Namun spekulasi bagus Antonio Rudiger berhasil membuat David De Gea kembali melakukan kesalahan yang kesekian kalinya. Bola rebound kemudian dimanfaatkan Marcos Alonso. De Gea kembali mendapat cibiran karena luput menangkap bola dengan benar. Namun jika melihat secara luas, proses gol juga tidak akan terjadi apabila Eric Bailly mengikuti ketiga rekannya yang sudah membuat jebakan offside untuk pemain belakang asal Spanyol tersebut.

Eric Bailly Kalahkan Semua Striker

Berbicara soal Eric Bailly, pemain Pantai Gading ini bermain sangat baik setelah absen cukup lama. Akurasi umpannya 100 persen alias tidak ada umpannya yang tidak menemui sasaran. Ia enam kali mengembalikan penguasaan bola dan memenangi lima dari lima duel. Akan tetapi, Bailly kembali harus keluar karena cedera setelah terjepit tangan dari Mateo Kovacic saat pemain Kroasia ini terjatuh.

Rekrutan pertama Jose Mourinho ini tampil memukau. Tidak hanya karena rambut barunya namun ia berhasil membuat tiga sepakan ke gawang. Lucunya, angka ini adalah yang terbanyak dibanding seluruh pemain United. Bahkan Romelu Lukaku dan Marcus Rashford hanya membuat satu tembakan.

Buruknya kualitas dua striker United yang membuat United tidak bisa menambah keunggulan. Padahal, Ole sudah mengganti formasi menjadi 3-4-1-2 dan memasukkan Alexis Sanchez untuk menambah daya gedor. Namun tidak ada satu pun sepakan pemain United yang benar-benar membahayakan.

Dua striker yang seharusnya menjadi mesin gol masing-masing tim, Romelu Lukaku dan Gonzalo Higuain, justru berlomba-lomba untuk menjadi pemain yang paling banyak terjebak offside. Striker asal Argentina tersebut yang kemudian keluar sebagai pemenang dengan lima kali terjebak offside. Sementara Lukaku hanya tiga kali terjebak offside.

“Dalam 25 menit pertama, Romelu Lukaku tampak seperti seorang penakluk dunia. Namun setelah ia membuat satu sampai dua sprint, ia kehabisan tenaga. Apakah ia striker yang tepat untuk strategi manajer? Ole perlu membuat kepuutsan besar terkait beberapa pemain, termasuk Lukaku,” kata Gary Neville.

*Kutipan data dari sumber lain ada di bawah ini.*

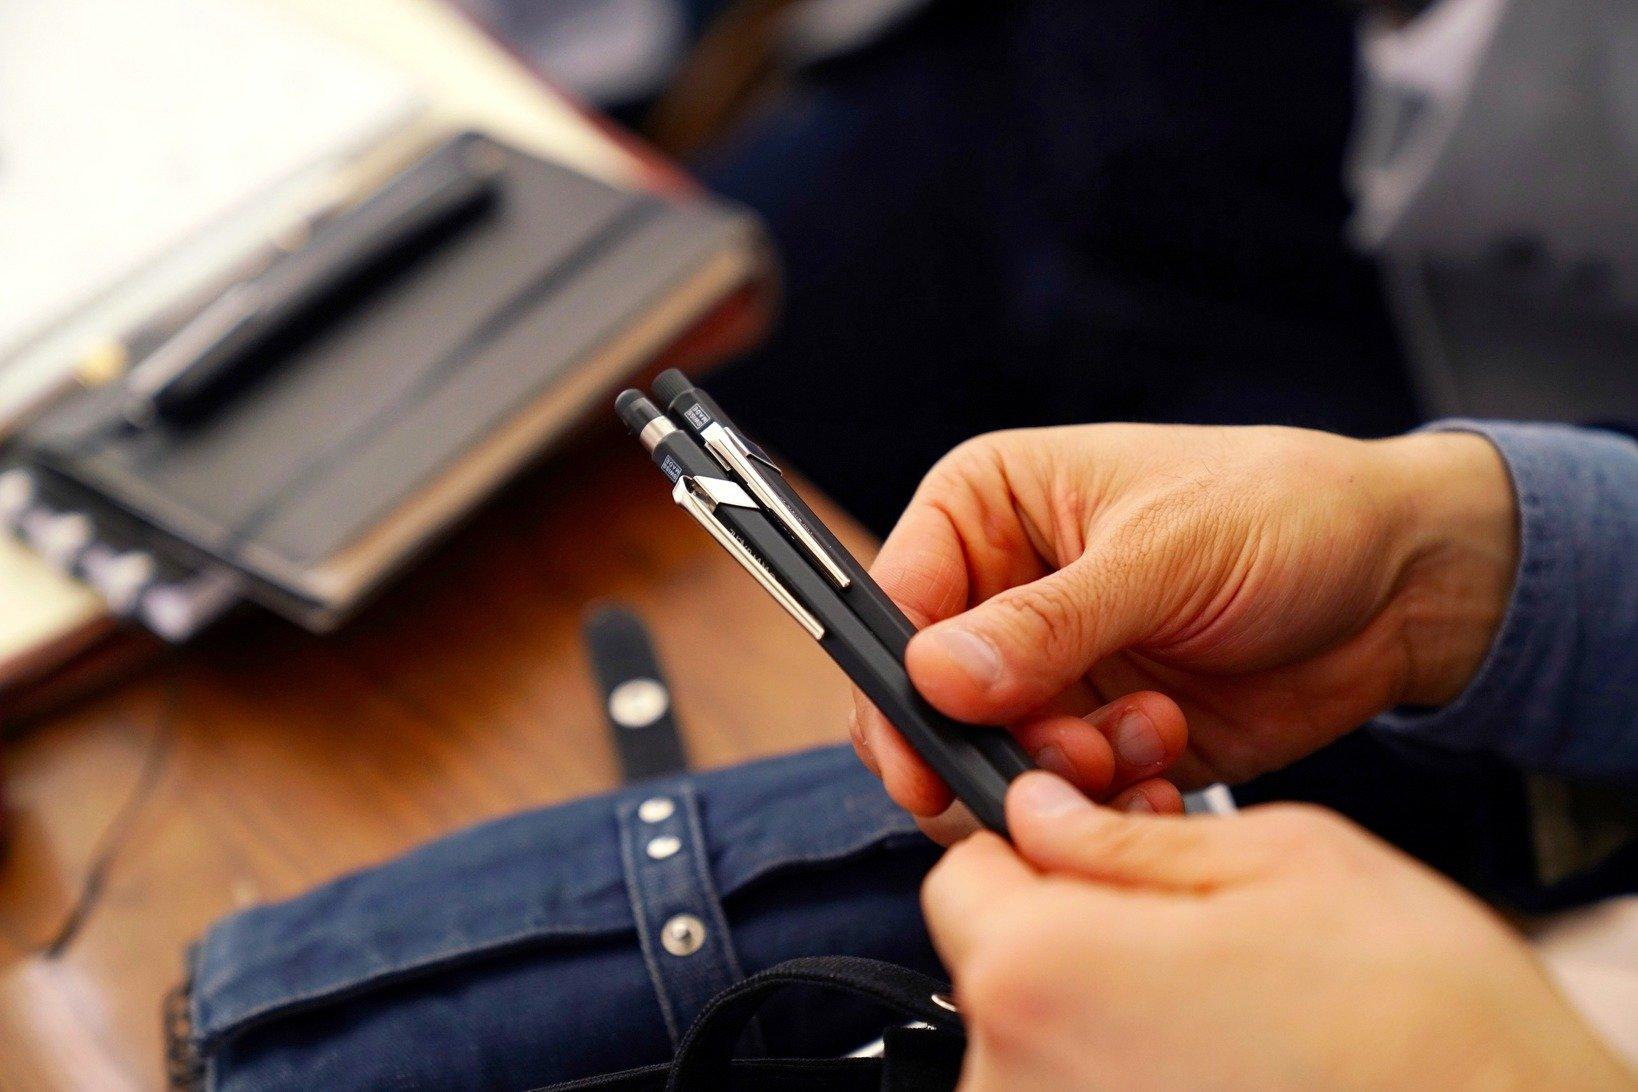 カランダッシュの849シリーズ。飯野さんはペンシルとボールペンをセットで使用。
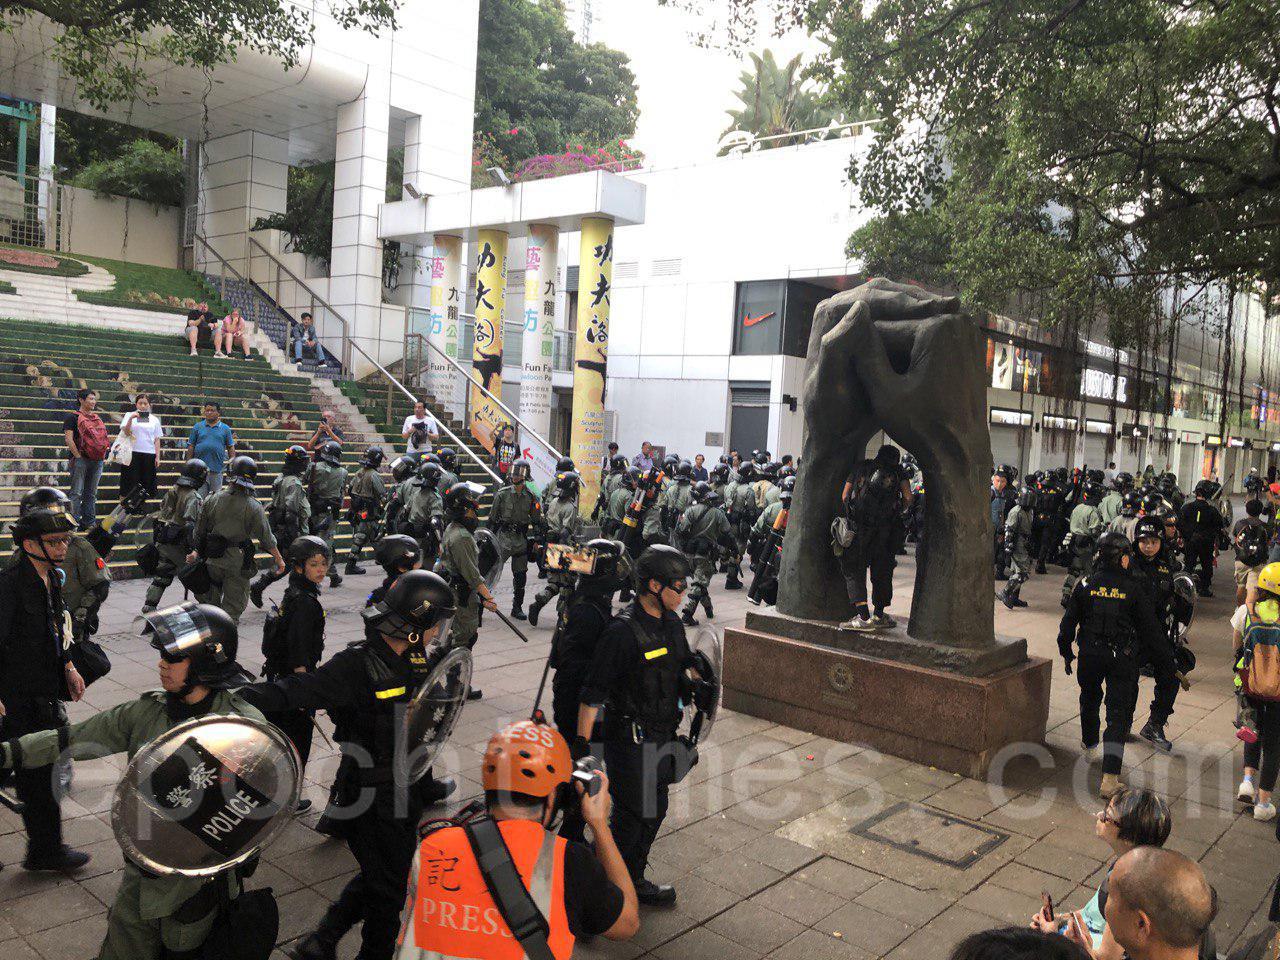 2日下午4時左右,香港市民在尖沙嘴舉行集會,大批防暴警察到場,一路盤查戴口罩市民,引發市民不滿。(余天佑/大紀元)

Pada babak kedua, pertandingan tidak berjalan semenarik babak pertama. Baik United dan Chelsea hanya sesekali membuat peluang dan bermain jauh lebih hati-hati. Kreativitas United lagi-lagi mentok di sepertiga akhir, sementara sepakan Chelsea beberapa kali membentur lini belakang Setan Merah yang bermain bagus pada hari itu.

***

Bagi penggemar United, mereka kembali diberikan harapan palsu oleh klub favoritnya. Mereka kembali mengulangi apa yang terjadi pada derby lalu. Bagus dalam 45 menit pertama, namun kembali loyo pada babak kedua. Meski begitu, ada beberapa nilai plus dalam tubuh United. Salah satunya adalah kembali apiknya dua double pivot United, Ander Herrera, dan Nemanja Matic.